THE INPUT:
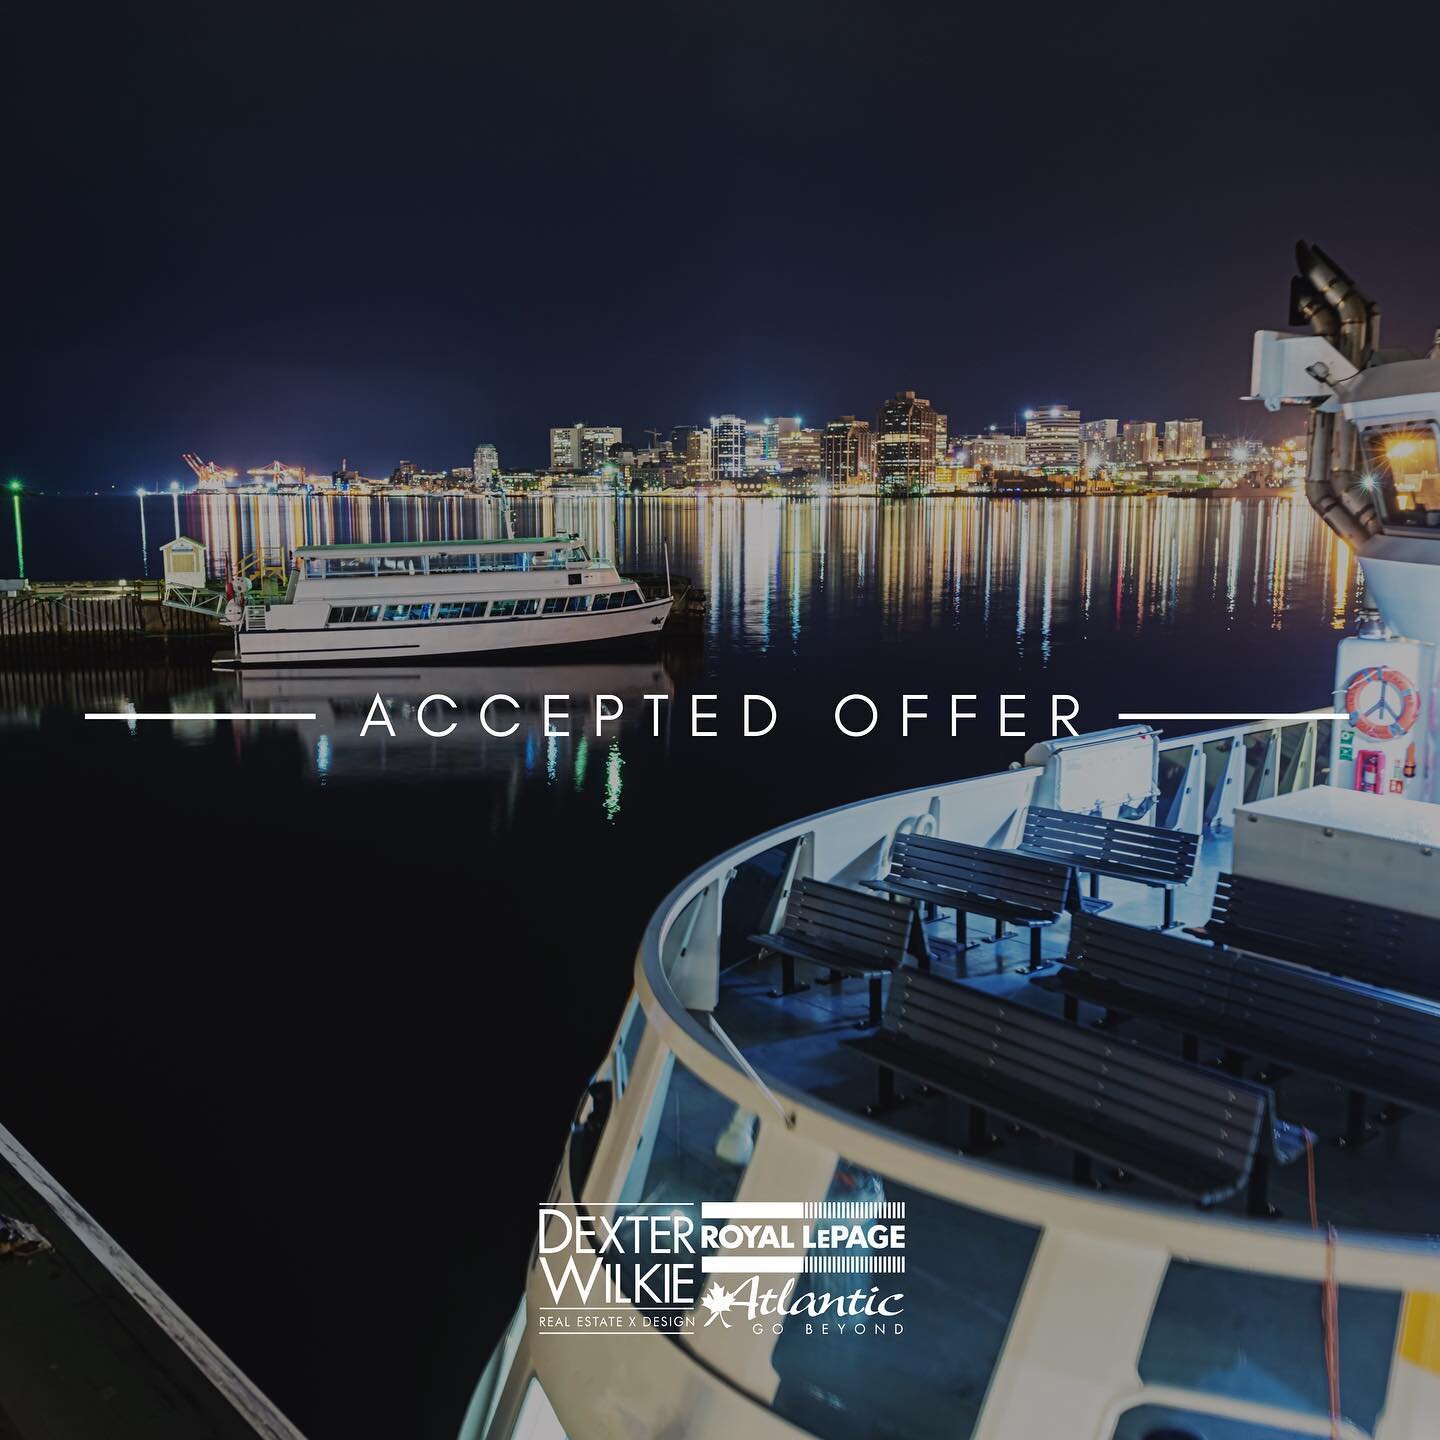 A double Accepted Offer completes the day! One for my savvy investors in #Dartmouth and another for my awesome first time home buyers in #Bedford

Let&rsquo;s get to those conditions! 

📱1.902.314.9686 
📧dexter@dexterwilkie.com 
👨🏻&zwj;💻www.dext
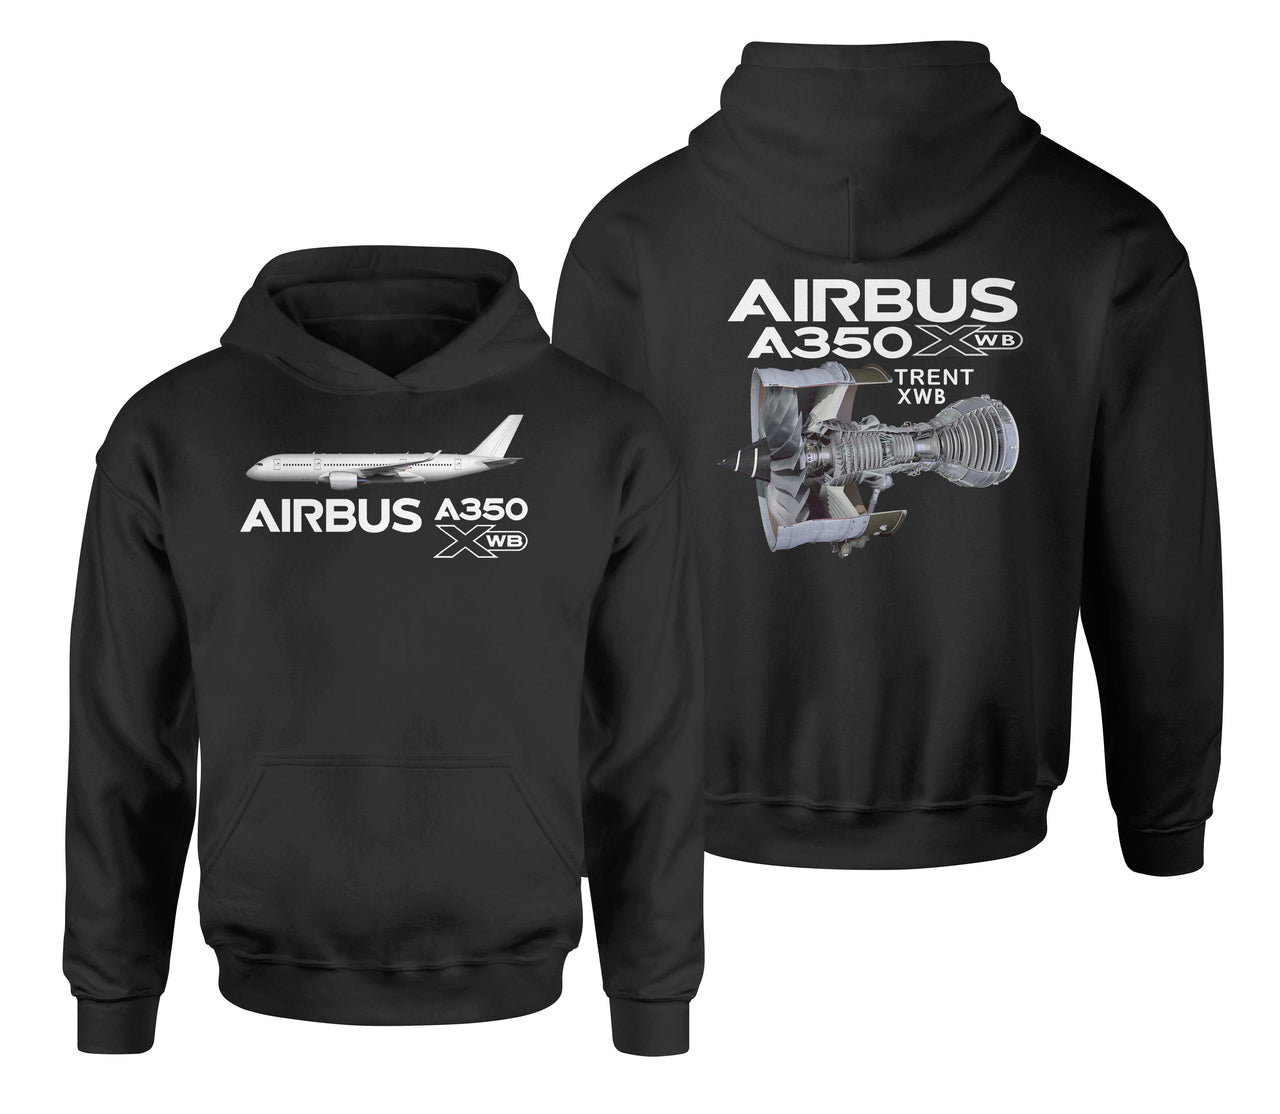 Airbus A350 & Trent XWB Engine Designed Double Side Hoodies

WORK INSTRUCTIONS: Retype the whole of the data verbatim. Skip every picture.

OUTPUT OF THE EXERCISE:
 A double Accepted Offer completes the day! One for my savvy investors in #Dartmouth and another for my awesome first time home buyers in #Bedford

Let&rsquo;s get to those conditions! 

📱1.902.314.9686 
📧dexter@dexterwilkie.com 
👨🏻&zwj;💻www.dext
 Airbus A350 & Trent XWB Engine Designed Double Side Hoodies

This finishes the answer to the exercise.